Restate exactly the lines below, from the one containing "lady cagole, Marion" through the final line, and leave out the pictures.

Collected material:
------------------------------

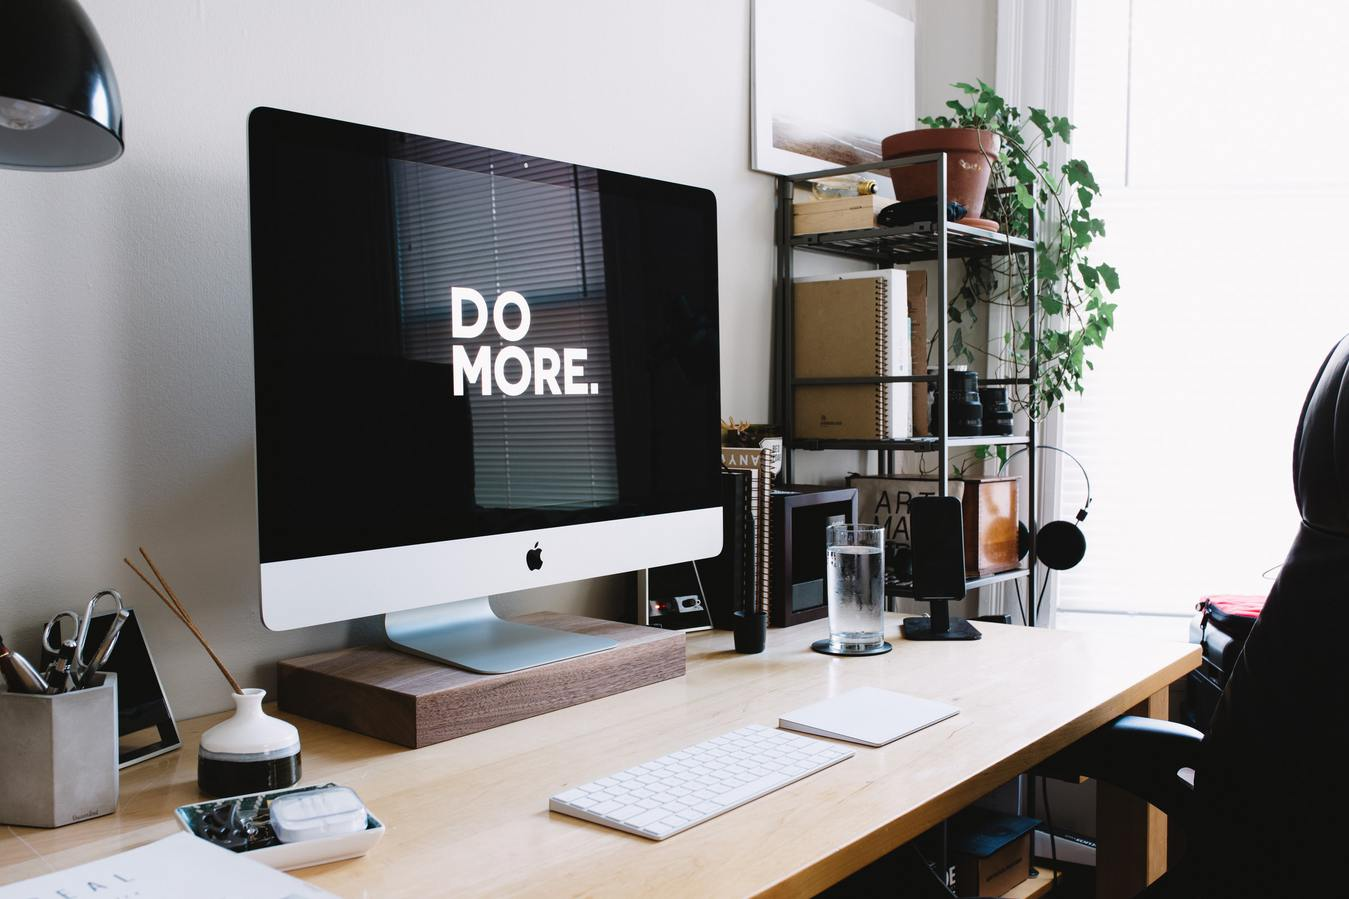 iMac en un escritorio con algunos estantes
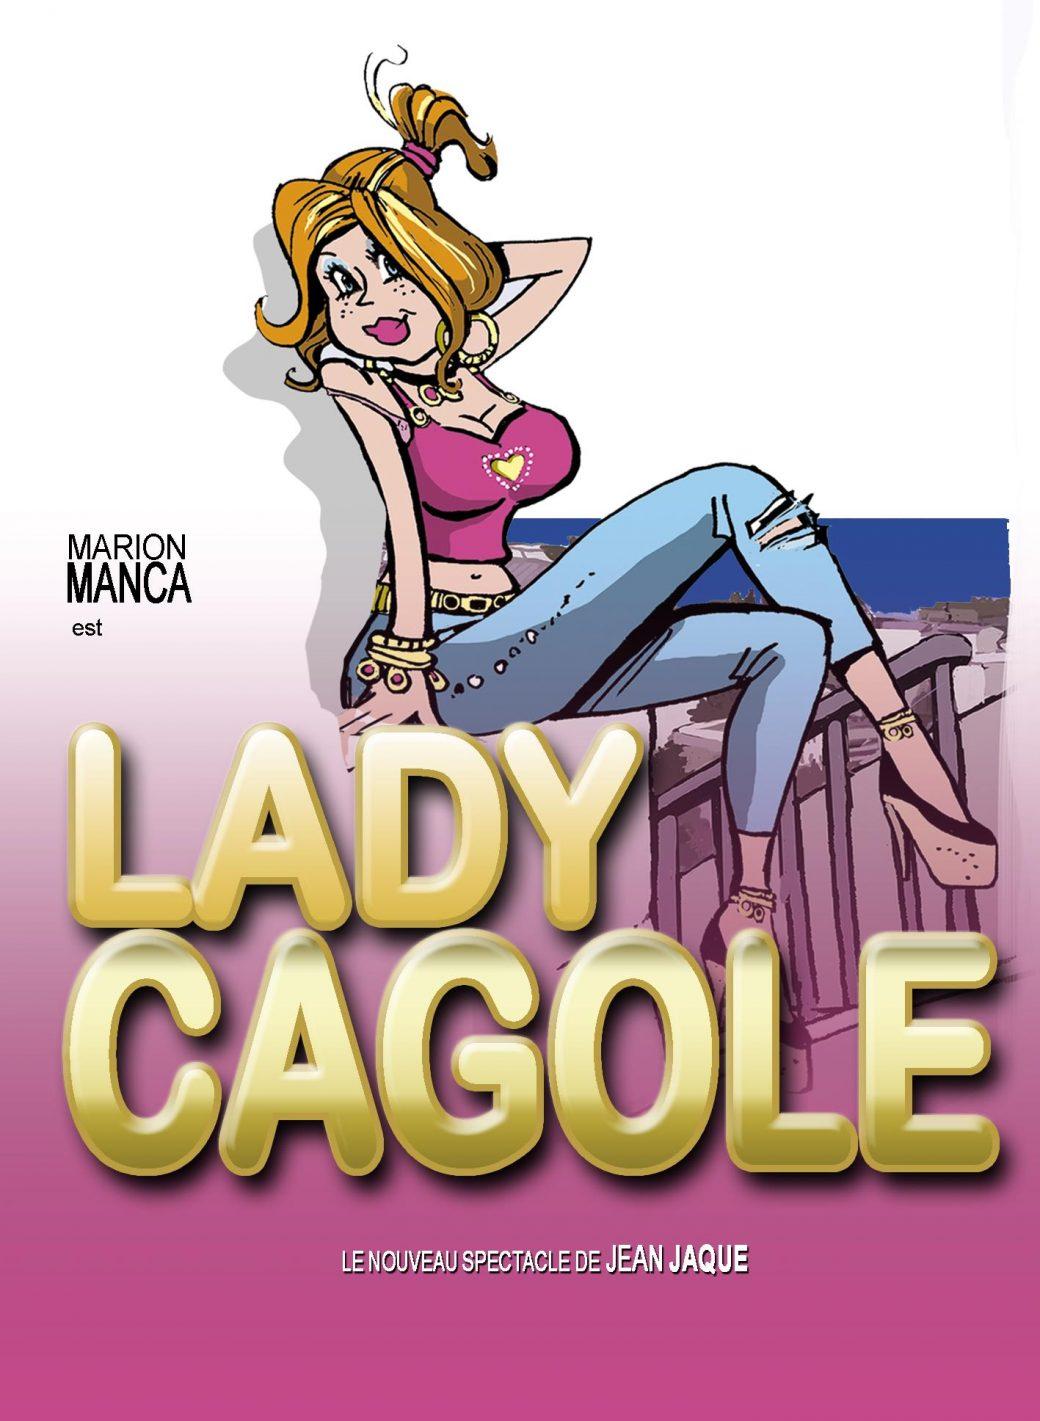 lady cagole, Marion Manca, Jean Jaque, one woman show, seule en scène, spectacle
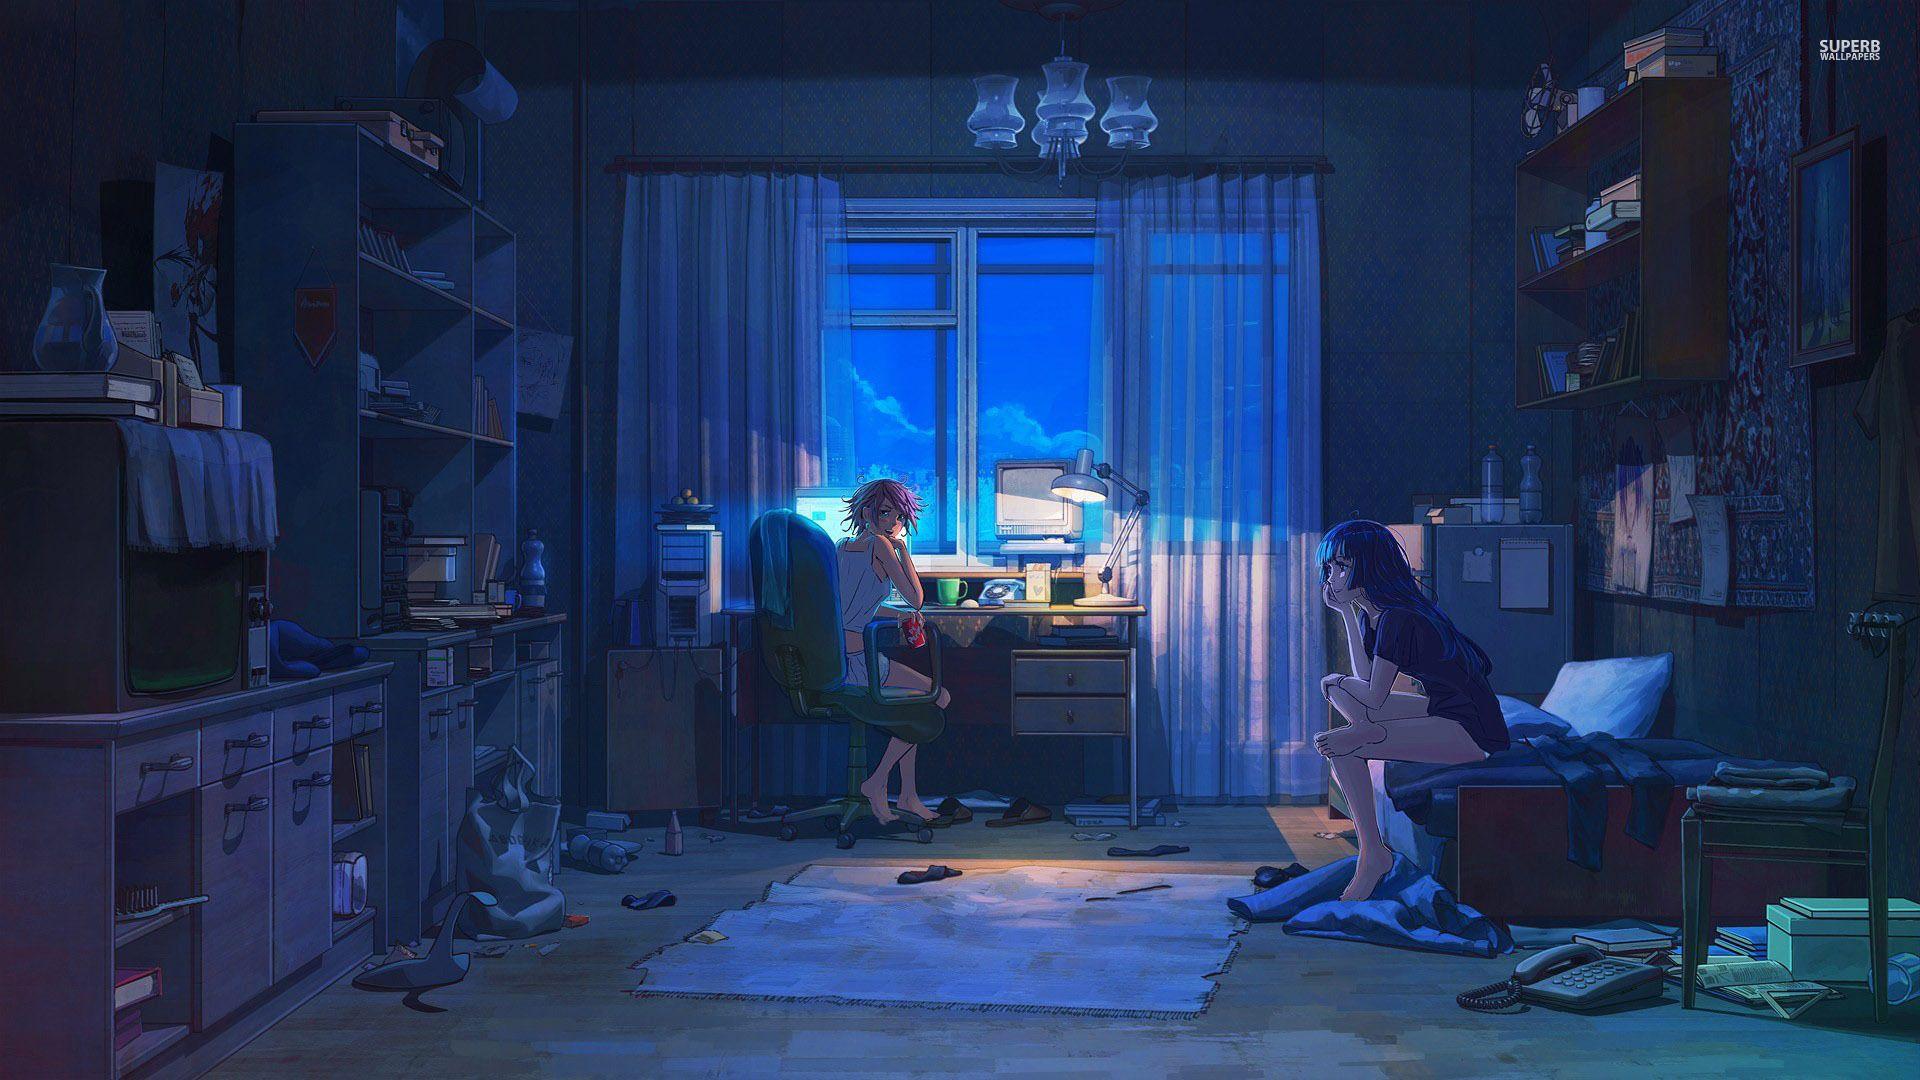 Good Wallpaper Anime Aesthetic - 5e0e7cea5b70df970c77861a266941e8  2018_215431      .jpg

------------------------------

Your response:
 lady cagole, Marion Manca, Jean Jaque, one woman show, seule en scène, spectacle
 Good Wallpaper Anime Aesthetic - 5e0e7cea5b70df970c77861a266941e8  2018_215431      .jpg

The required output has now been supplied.